Quando houver uso, manipulação ou interface com produtos de origem animal, o enquadramento pode exigir atenção adicional, pois a avaliação tende a considerar riscos sanitários, fluxo produtivo, controles preventivos e rastreabilidade.

Principais grupos de exigências que costumam impactar o enquadramento:

  1. Enquadramento da atividade: identifica se o estabelecimento fabrica, manipula, armazena, distribui ou realiza mais de uma etapa da cadeia.

    Essa definição influencia o tipo de registro, a documentação exigida e a forma de interação com o órgão fiscalizador.

  2. Avaliação das instalações: considera layout, fluxo de pessoas, matérias-primas, embalagens, produtos acabados, áreas de armazenamento, condições higiênico-sanitárias e prevenção de contaminações.

    A estrutura física precisa ser compatível com a rotina declarada.

  3. Boas práticas e controles operacionais: envolve procedimentos de higiene, controle de pragas, limpeza, armazenamento, controle de água quando aplicável, rastreabilidade, recebimento de insumos e segregação de etapas críticas.
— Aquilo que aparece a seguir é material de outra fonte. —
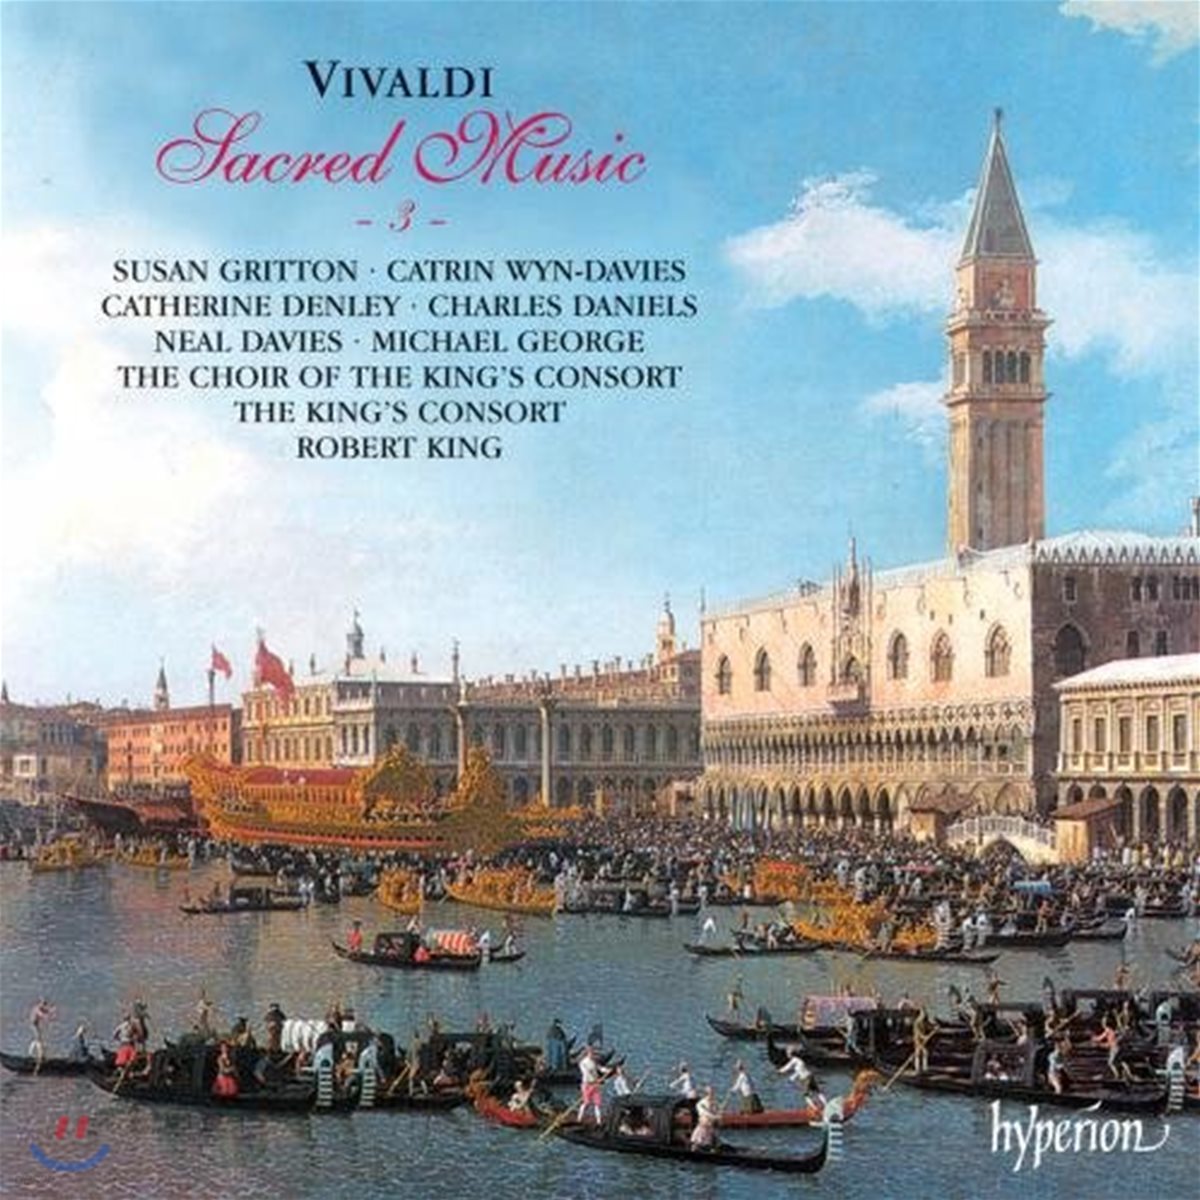 King's Consort 비발디: 종교 음악 3권 (Vivaldi: Sacred Music 3)

    O objetivo é demonstrar que a operação tem controles consistentes e verificáveis.

  4. Responsabilidade técnica: muitos processos regulados exigem profissional habilitado para acompanhar aspectos técnicos, sanitários e operacionais.

    A função não deve ser vista apenas como formalidade, mas como parte da governança da conformidade.

  5. Documentação operacional: inclui materiais como memoriais, fluxogramas, plantas, manuais, POPs e programas de autocontrole, conforme o enquadramento.

    A fiscalização tende a observar se os documentos descrevem a operação real, e não apenas um modelo genérico.

  6. Protocolo e acompanhamento de exigências: a abertura de processo administrativo não significa conclusão automática.

    Durante a análise, podem surgir exigências fiscais, pedidos de ajuste documental ou necessidade de adequações estruturais.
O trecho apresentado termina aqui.